If you’re still using file_column, as I am for a few things, then this one might bite you. The simplest solution, I think, is to migrate to attachment_fu. The file system store for attachment_fu implements file name based hashing, and the s3 and database stores don’t suffer from the problem at all. Also, the way in which attachment_fu handles pluggable storage classes means that you could also slip in your own custom storage system later without having to change the way that you use attachment_fu in your models.
If you’re thinking of making the switch, here’s an article I wrote on migrating from file column to attachment_fu.
RMagick Memory Leaks
RMagick is really handy, and so just about every rails image handling tutorial on the internet recommends it’s use. I’m using it all over the place. My advice to you, is don’t ever do this. It turns out that RMagick leaks memory every time it manipulates an image. I haven’t measured the amount myself, but I’m told it’s quite a bit. Certainly I’ve been having resource consumption problems with scripts using RMagick heavily. So, say goodbye to it.

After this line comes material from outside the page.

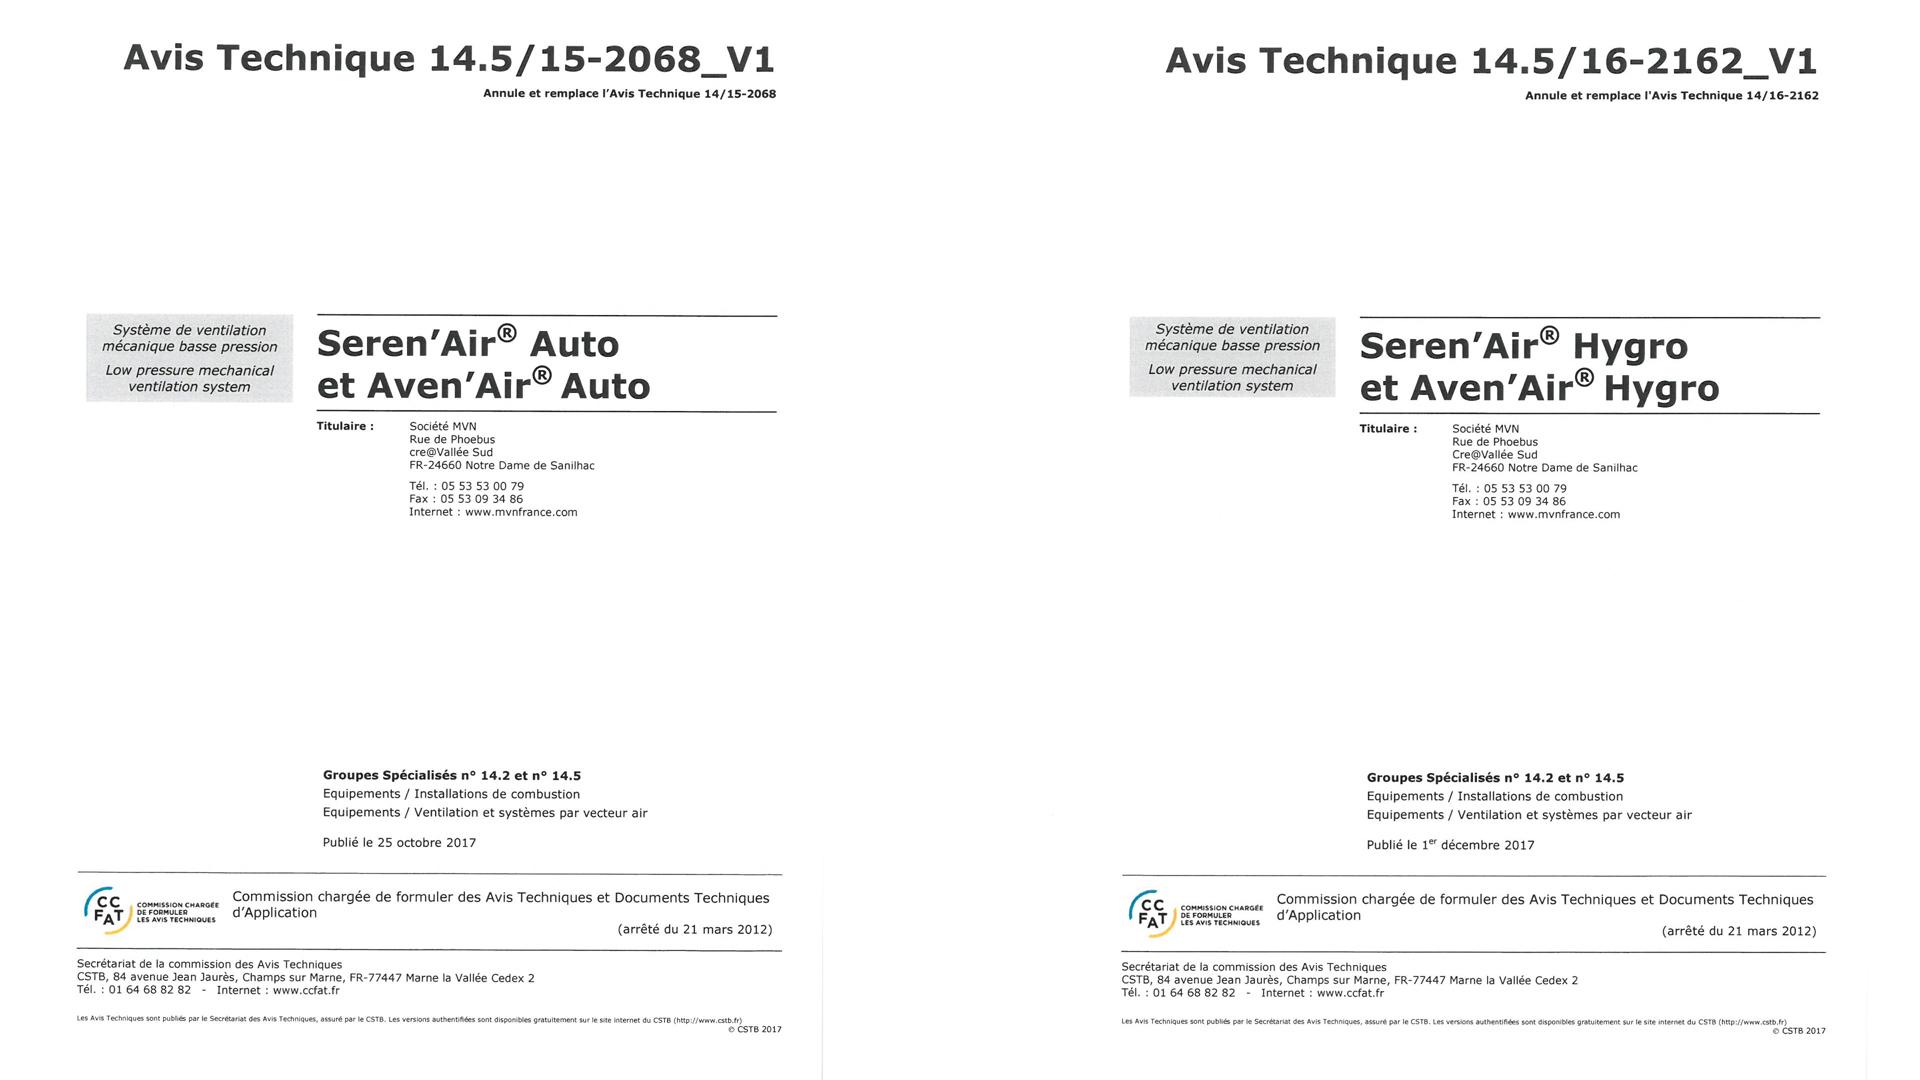 Avis technique auto 14.5/15-2068_V1 et Avis technique Hygro 14.5/16-2162_V1

DHH recommended just using the image magick binaries manually. That’s basically a good idea, but a slightly easier way of doing that is to use the mini_magick gem. Mini magick provides a ruby API, but under the hood it just calls the image magick command line tools. Attachment_fu comes with a mini magic processor, so you can just add ”:processor => :MiniMagick” to your call to has_attachment and you’re in business. Khamsouk Souvanlasy wrote a good tutorial on using mini_magick with acts_as_attachment.
Cropping
The one thing I noticed in using attachment_fu instead of file column is that file column resizes images and crops them nicelly, the way that you would expect. By default, attachment_fu tends to stretch them. This has been covered better by other people, so I just want to mention it because stretching is almost certainly what you want, and until Rick fixes it, I’d suggest making a small change to the plugin yourself. There are a number of articles on the subject, but I think the best one is probably over at toolman tim’s blog.
Don’t just go with Tim’s solution though, have a look at the comments, and you will find options for the different image processesors. I used “labrat’s” suggested fix for mini magick (paste here)
Amazon S3
Amazon S3 appears to be a great solution for handling user generated images, and I’m starting to use it a fair bit. One word of warning however, is that I’ve already started to encounter an occasional communication error with amazon, as discussed in this thread and I don’t yet know how serious it is or how easily fixed. I’ll post some more on this subject when I’m better informed.
Migrating from file_column to attatchment_fu
Posted by Craig Ambrose on September 09, 2007 at 03:25 AM
About a year ago, file_column was one of the most popular plugin for storing files, particularly images, in rails applications. These days, the most popular plugin is Rick Olsen’s attachment_fu.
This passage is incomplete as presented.